I have s3 bucket url is below

s3_filename is s3://xx/xx/y/z/ion.csv

if its is bucket i can read like below code

def read_s3(bucket,         


        

Answer 1

Since you appear to be using Pandas, please note that it actually uses s3fs under the cover. So, if your install is relatively recent and standard, you may directly do:

df = pd.read_csv(s3_path)

If you have some specific config for your bucket, for example special credentials, KMS encryption, etc., you may use an explicitly configured s3fs filesystem, for example:

fs = s3fs.S3FileSystem(
    key=my_aws_access_key_id,
    secret=my_aws_secret_access_key,
    s3_additional_kwargs={
            'ServerSideEncryption': 'aws:kms',
            'SSEKMSKeyId': my_kms_key,
    },
)
# note: KMS encryption only used when writing; when reading, it is automatic if you have access

with fs.open(s3_path, 'r') as f:
    df = pd.read_csv(f)

# here we write the same df at a different location, making sure
# it is using my_kms_key:
with fs.open(out_s3_path, 'w') as f:
    df.to_csv(f)

That said, if you are really interested to deal yourself with getting the object, and the question is just about how to remove a potential s3:// prefix and then split bucket/key, you could simply use:

bucket, key = re.sub(r'^s3://', '', s3_path).split('/', 1)
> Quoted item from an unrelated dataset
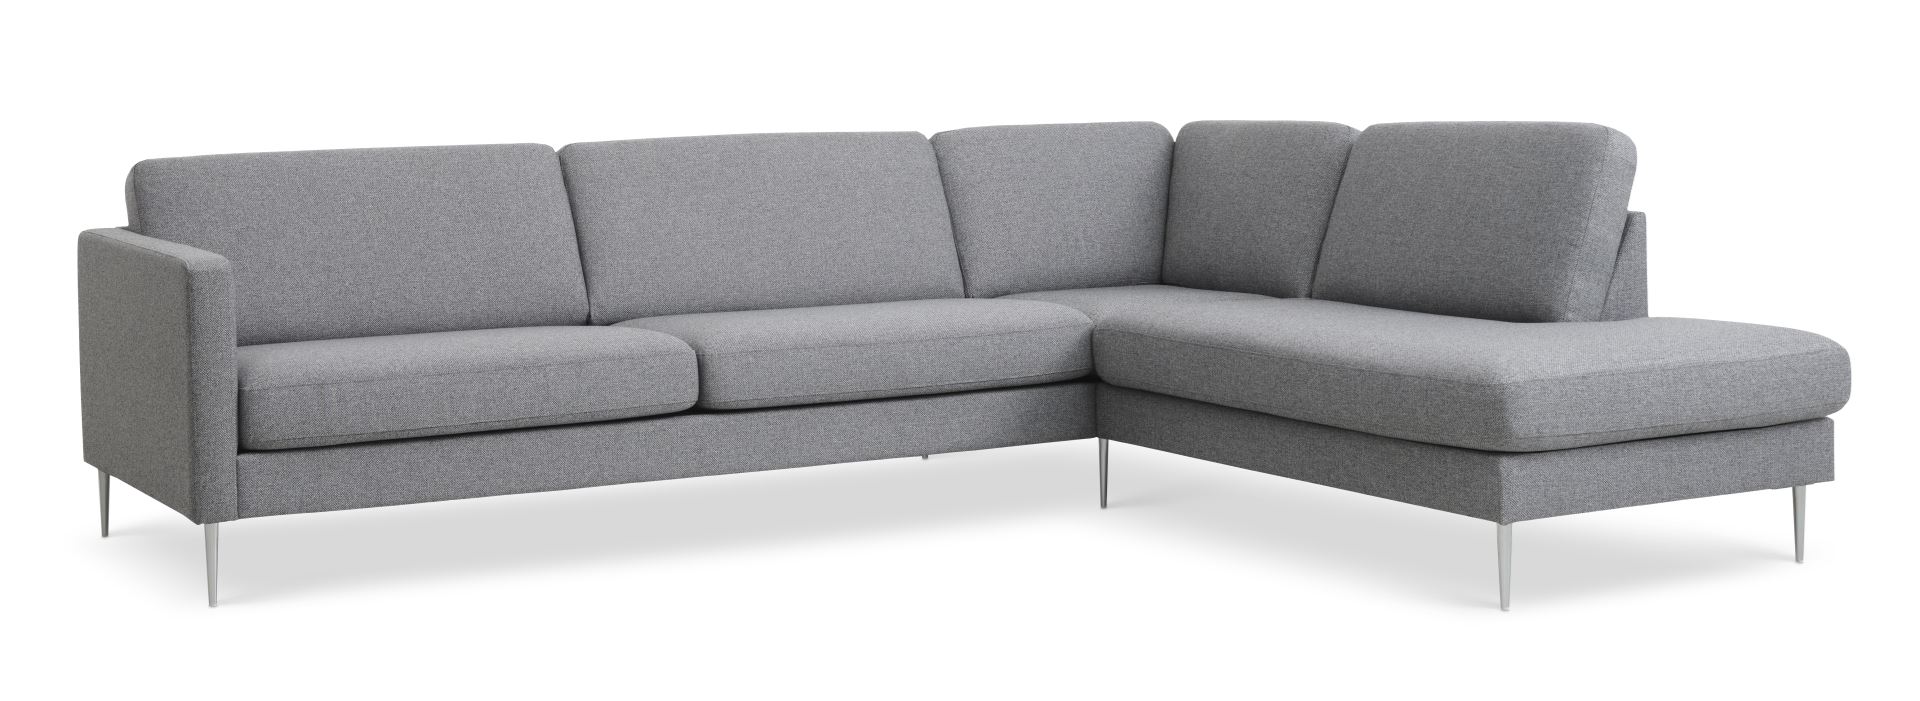 Ask sæt 61 stor OE sofa, m. højre chaiselong - lys granitgrå polyester stof og børstet aluminium

But that may miss more general cases and conventions handled by systems such as awscli or the very s3fs referenced above.

For more generality, you can take a look at how they do this in awscli. In general, doing so often provides a good indication of whether or not some functionality may already be built in boto3 or botocore. In this case however, it would appear not (looking at a local clone of release-1.18.126). They simply do this from first principles: see awscli.customizations.s3.utils.split_s3_bucket_key as it is implemented here.

From the regex that is eventually used in that code, you can infer that the kind of cases awscli allows for s3_path is quite diverse indeed:

_S3_ACCESSPOINT_TO_BUCKET_KEY_REGEX = re.compile(
    r'^(?P<bucket>arn:(aws).*:s3:[a-z\-0-9]+:[0-9]{12}:accesspoint[:/][^/]+)/?'
    r'(?P<key>.*)$'
)